Tuesday 25 July 2017

ECB should maintain stimulus, calls for end are 'premature', says IMF

International Monetary Fund. (Photo: Reuters)

The European Central Bank (ECB) should maintain a "firmly accommodative" monetary policy for an "extended period", the International Monetary Fund (IMF) said on Tuesday, as it forecast inflation remaining below target.

As the ECB prepares for a decision in autumn on whether to claw back its stimulus programme, the IMF said calls for an exit from easy-money policy were "premature" because consumer prices were not increasing enough.

In its annual report on the euro zone, the IMF estimated euro zone inflation will reach 1.6 percent this year before slowing to 1.5 percent in 2018, below the ECB target of below but close to 2 percent.

The forecasts were actually stronger than the ECB's latest one, released in June, which predicted the bloc's inflation rate at 1.5 percent this year and 1.3 percent in 2018.

"The costs of a long period of inflation undershooting continue to exceed those of a temporary overshoot," the IMF said.

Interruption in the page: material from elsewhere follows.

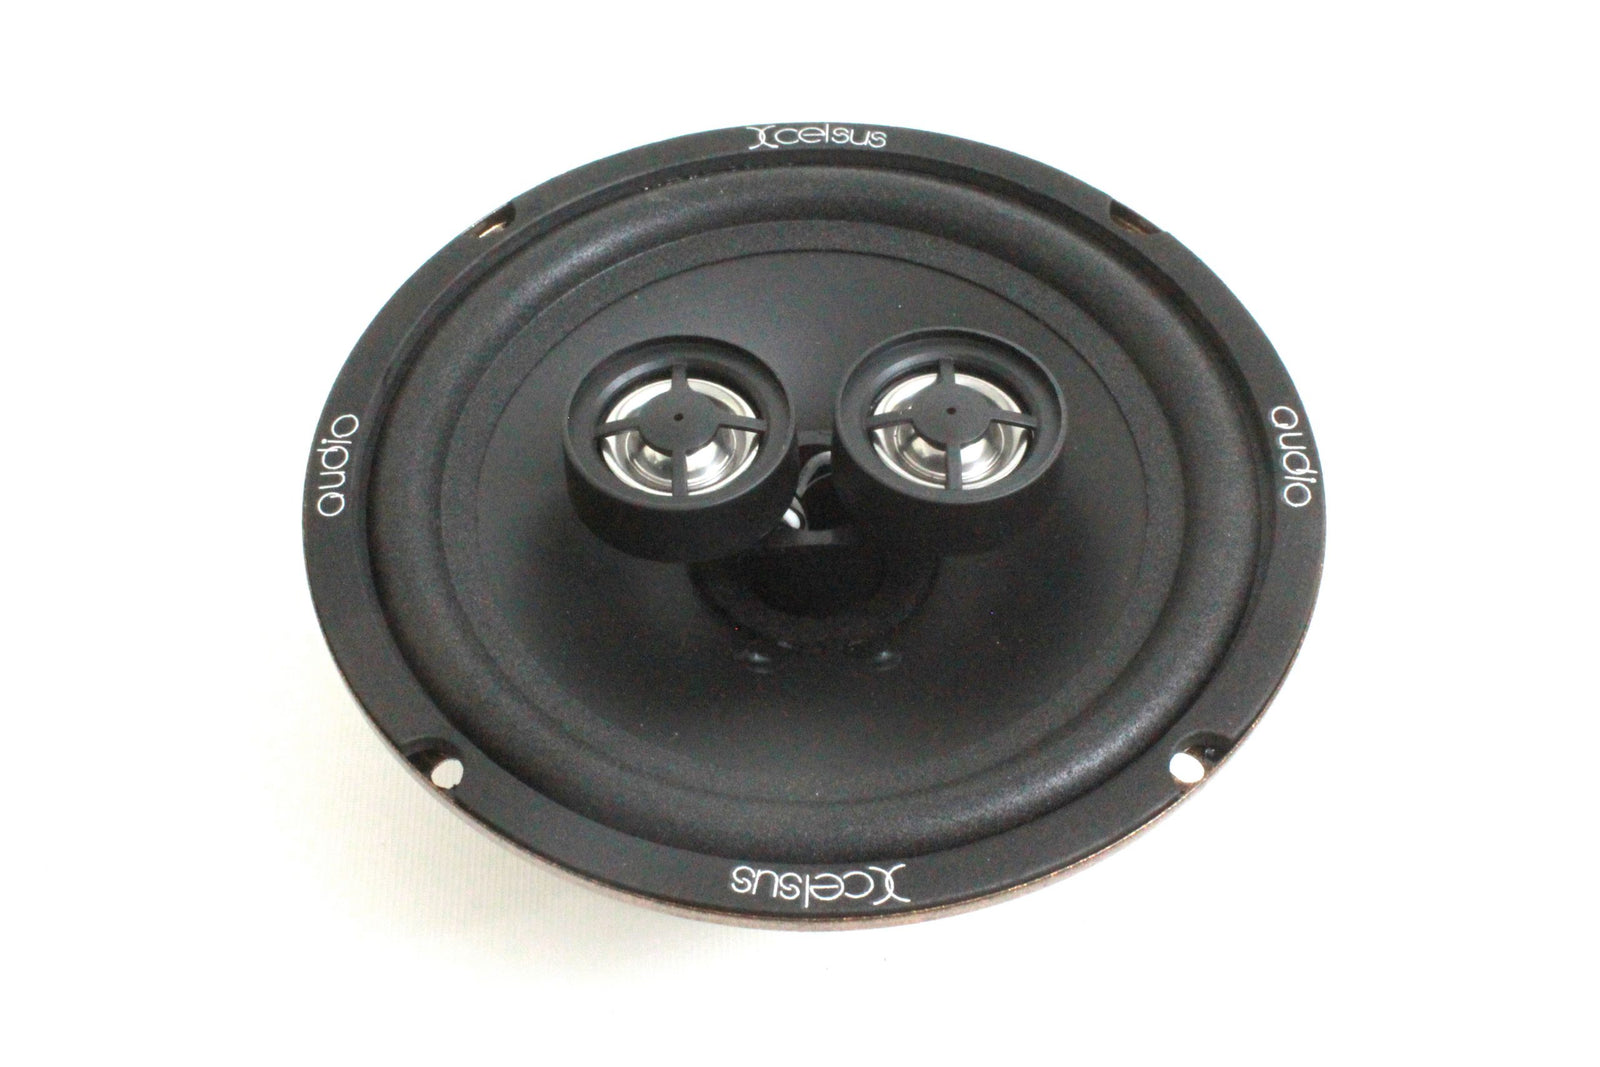 Xcelsus Audio XP620 Coaxial 6.5" Car 2-Way Premium Series Speaker System

"The calls from some quarters for an exit from monetary accommodation are therefore premature," it added. Germany has been the biggest critic of ECB's 2.3 trillion euro ($2.7 trillion) money-printing programme.

To help a sustained recovery of inflation, the IMF encouraged Germany and other euro zone's countries with high growth to push for "robust" wage and price rises, even if this could bring domestic inflation beyond the 2 percent limit for a limited period.